Chiara
Fattori
nata nel 1978. Toscana. Laureanda in
lettere moderne all'università di Pisa. |
ANDATA E RITORNO
Eravamo in quattro, in quell'estate di cinque anni
fa. In quattro in una Uno bianca, tra valigie e borsoni, quello che ci
avevano detto servire per il campeggio, quello che pensavamo ci sarebbe
servito… e quelle cose che amavamo e ci tenevano uniti, allora, e un po'
anche ci dividevano: la musica, i libri, i sogni.
Era l'estate in cui avevamo fatto gli esami di stato e ci sentivamo grandi,
ci piacevano i Litfiba, Piero Pelù cantava ancora con loro, e Lacio Drom
era la nostra canzone preferita.
Francesco la intonava con la voce distorta, noi intervenivamo in coro sugli
"uh, uh", e ridevamo come scemi.
Francesco stava al volante, Andrea sul sedile anteriore a mangiare pistacchi
e noccioline, non so come facesse con quel caldo, io e Lara dietro, a
passarci salviette umide sotto le ascelle e sul collo e a giocare a "sasso-carta-forbici".
Il partire, tutti e quattro insieme, subito dopo il diploma, con due tende
canadesi che ci avevano prestato e una macchina che aveva dieci anni, ci
sembrava, allora, la cosa più strepitosa del mondo. Avevamo favoleggiato
per settimane, tra un'esegesi dell'Infinito e uno studio di funzione, su
quella vacanza: sul mare blu della Calabria, che nessuno di noi aveva mai
visto, su quel campeggio a Tropea, che ci avevano descritto come da vero
sballo, oltre che economico, su quello che ci saremmo inventati nelle notti
insonni sulla spiaggia, che sapevamo essere bianca.

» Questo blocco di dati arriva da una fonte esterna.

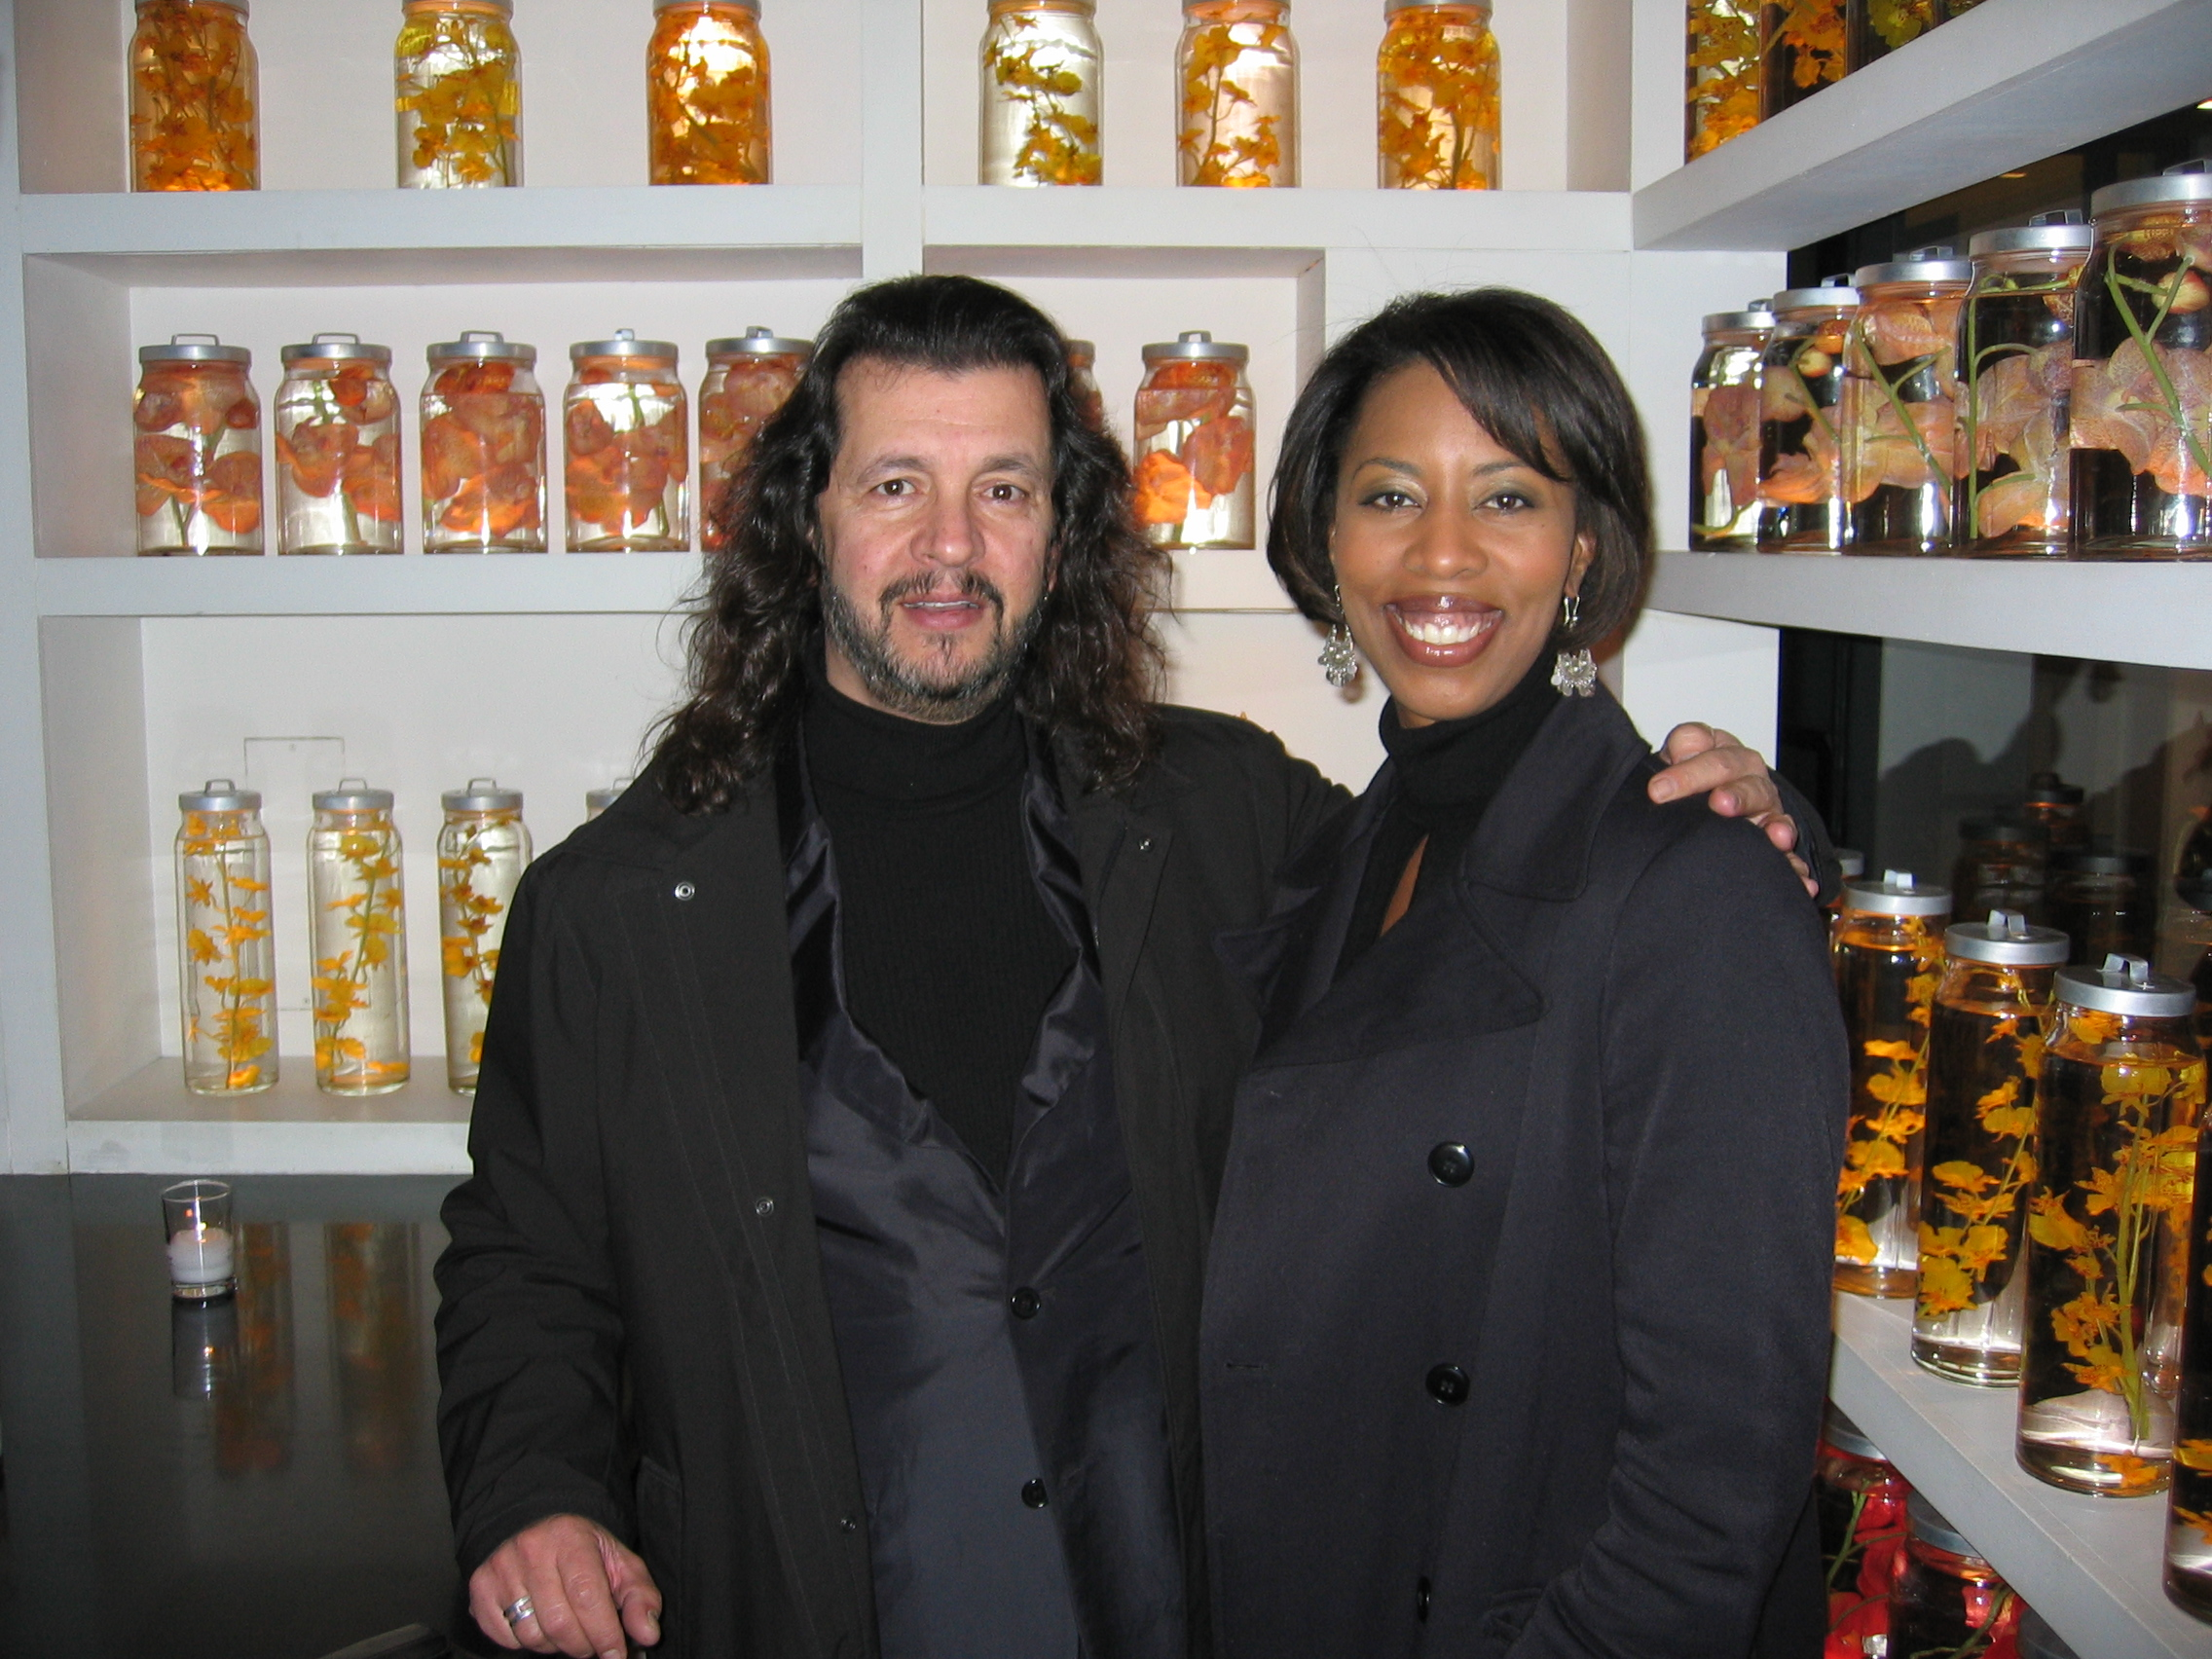 Interior Designers Cathy Hobbs and Andres Escobar

L'autostrada sembrava non dovesse mai finire, mentre il sole arroventava
l'asfalto e dipingeva miraggi nell'aria sempre più densa.
Ricordo soprattutto il caldo, di quelle lunghe ore d'auto, di quello che ci
dicevamo mi ricordo che erano tutte frasi con verbi al futuro, e solo
qualche presente.
Poi l'autostrada per noi finì.
Mentre Francesco e Andrea montavano le tende, io e
Lara andammo sulla spiaggia: di sabbia bianca e a grani grossi, come
l'avevamo immaginata, ombrelloni colorati, acqua blu.
"Bellissima, vero Giulia?"
"Sì"
A dir la verità la trovavo un po' troppo affollata e rumorosa.
"Ci sono tanti ragazzi, eh?", dissi.
"Sì, vero… e ragazze… Andrea forse riuscirà a combinare…"
Ridemmo. Andrea era l'unico di noi ancora vergine, e la cosa sembrava non
preoccuparlo. Aspetto l'amore, diceva: Francesco e Lara lo prendevano
pesantemente in giro per questa frase, che credo suonasse loro come demodé,
io stavo in silenzio di solito, ma dentro di me lo approvavo.
Ero appena uscita dall'ennesima storia con il ragazzo sbagliato. Ero
diventata praticamente un luogo comune di film americani stile "povere
ragazze facili" tanti ne avevo avuti di ragazzi da sedile posteriore, e
la cosa non mi piaceva. Lara invece aveva avuto un solo ragazzo, un nostro
compagno di classe, una storia durata due anni, finita male, con loro che
non si parlavano più e con la classe spaccata in due. Francesco, poi, era
stato il "ragazzo sbagliato" per diverse.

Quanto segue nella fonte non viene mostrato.